Based on https://bambinos.github.io/bambi/notebooks/beta_regression.html

In [None]:
import arviz as az
import bambi as bmb
import matplotlib.pyplot as plt
import numpy as np
import pandas as pd
from scipy import stats
from scipy.special import expit

In [None]:
az.style.use("arviz-darkgrid")

In [None]:
alpha = 1_000
beta = 1_000
p = np.random.beta(alpha, beta, size=10_000)
az.plot_kde(p)
plt.xlabel("$p$");

In [None]:
data = pd.DataFrame({"probabilities": p})
model = bmb.Model("probabilities ~ 1", data, family="beta")
fitted = model.fit()

In [None]:
az.plot_trace(fitted);

In [None]:
az.summary(fitted)

In [None]:
def mukappa_to_alphabeta(mu, kappa):
    # Calculate alpha and beta
    alpha = mu * kappa
    beta = (1 - mu) * kappa

    # Get mean values and 95% HDIs
    alpha_mean = alpha.mean(("chain", "draw")).item()
    alpha_hdi = az.hdi(alpha, hdi_prob=0.95)["x"].values
    beta_mean = beta.mean(("chain", "draw")).item()
    beta_hdi = az.hdi(beta, hdi_prob=0.95)["x"].values

    return alpha_mean, alpha_hdi, beta_mean, beta_hdi


alpha, alpha_hdi, beta, beta_hdi = mukappa_to_alphabeta(
    expit(fitted.posterior["Intercept"]), fitted.posterior["kappa"]
)

print(
    f"Alpha - mean: {np.round(alpha)}, 95% HDI: {np.round(alpha_hdi[0])} - {np.round(alpha_hdi[1])}"
)
print(
    f"Beta - mean: {np.round(beta)}, 95% HDI: {np.round(beta_hdi[0])} - {np.round(beta_hdi[1])}"
)

In [None]:
effect_per_micron = 5.0

# Clean Coin
alpha = 1_000
beta = 1_000
p = np.random.beta(alpha, beta, size=10_000)

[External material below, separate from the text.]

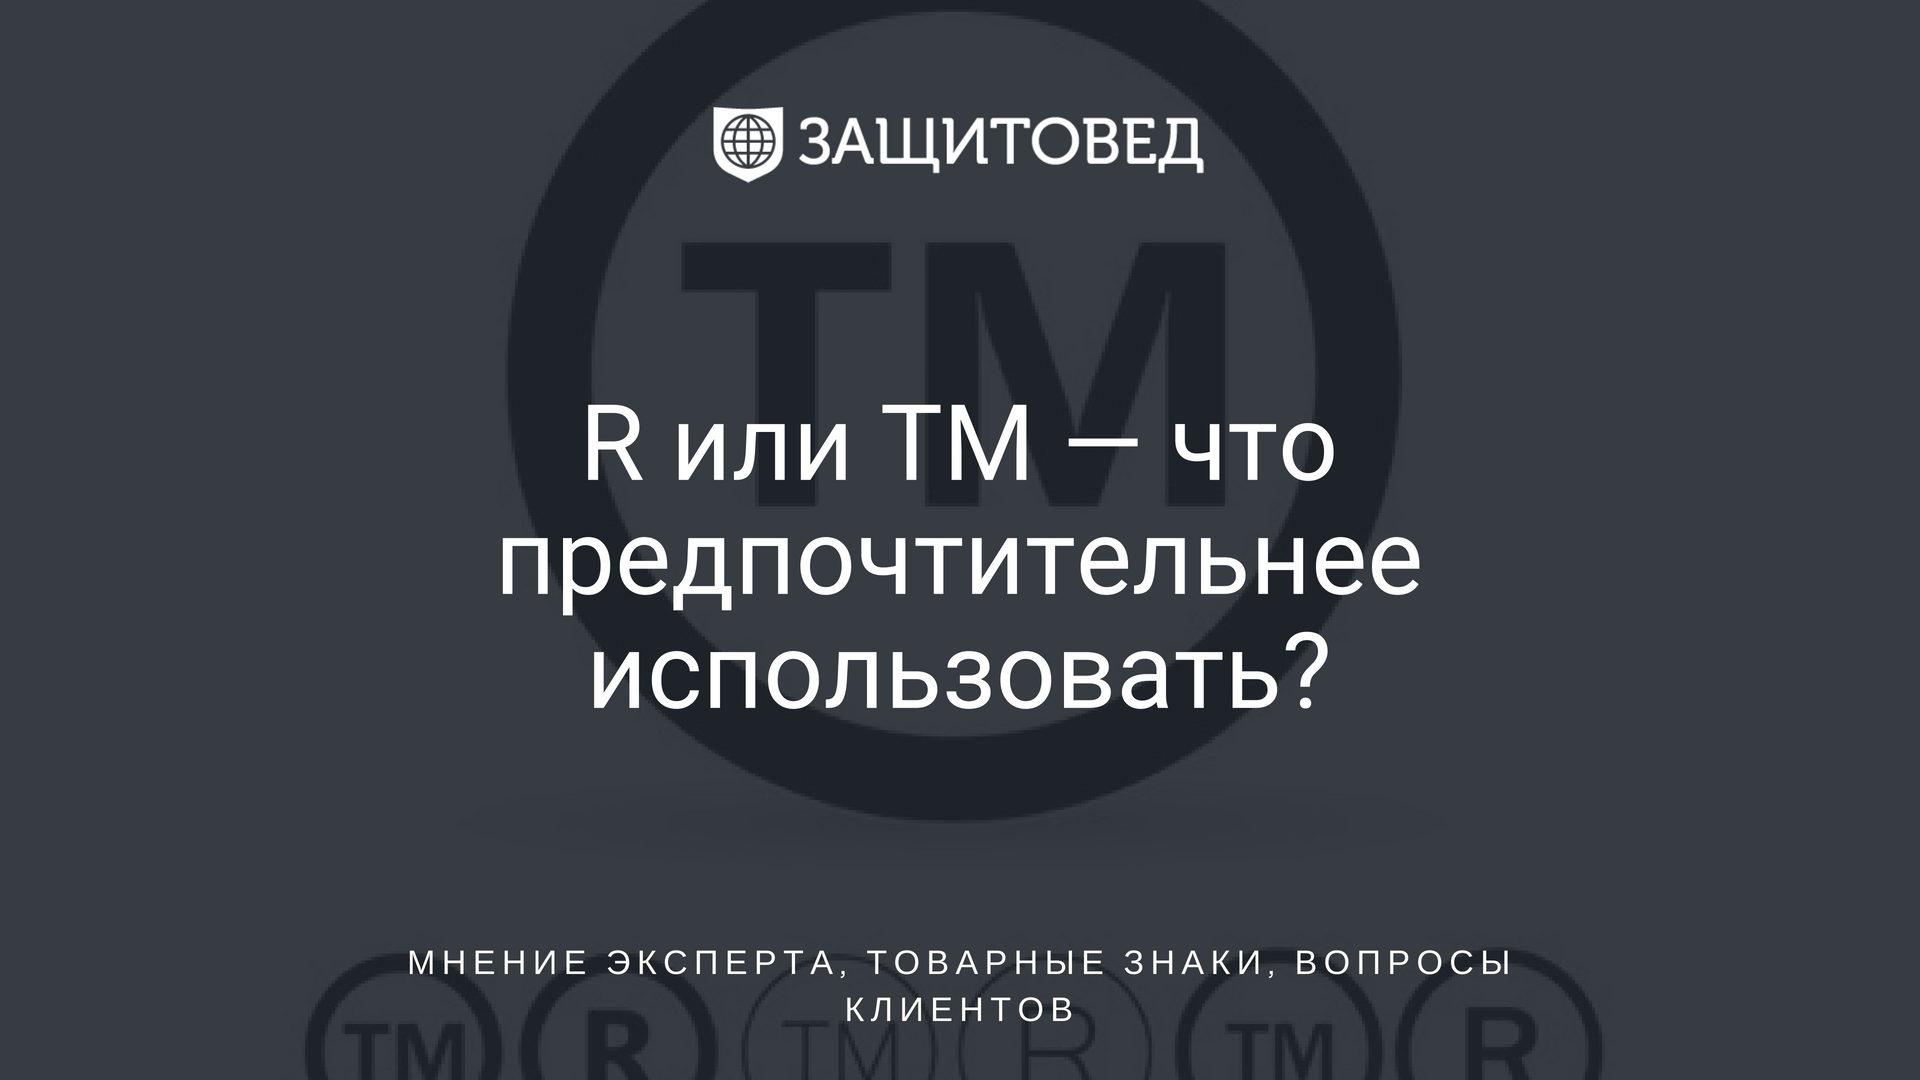 R или TM что использовать?

# Add two std to tails side (heads more likely)
p_heads = np.random.beta(alpha + 50 * effect_per_micron, beta, size=10_000)
# Add two std to heads side (tails more likely)
p_tails = np.random.beta(alpha - 50 * effect_per_micron, beta, size=10_000)

az.plot_kde(p, label="Clean Coin")
az.plot_kde(p_heads, label="Biased toward heads", plot_kwargs={"color": "C1"})
az.plot_kde(p_tails, label="Biased toward tails", plot_kwargs={"color": "C2"})
plt.xlabel("$p$")
plt.ylim(top=plt.ylim()[1] * 1.25);

In [None]:
# Create amount of dirt on top and bottom
heads_bias_dirt = stats.halfnorm(loc=0, scale=25).rvs(size=1_000)
tails_bias_dirt = stats.halfnorm(loc=0, scale=25).rvs(size=1_000)

# Create the probability per coin
alpha = np.repeat(1_000, 1_000)
alpha = (
    alpha + effect_per_micron * heads_bias_dirt - effect_per_micron * tails_bias_dirt
)
beta = np.repeat(1_000, 1_000)

p = np.random.beta(alpha, beta)

df = pd.DataFrame(
    {
        "p": p,
        "heads_bias_dirt": heads_bias_dirt.round(),
        "tails_bias_dirt": tails_bias_dirt.round(),
    }
)
df.head()

In [None]:
fig, ax = plt.subplots(1, 3, figsize=(16, 5))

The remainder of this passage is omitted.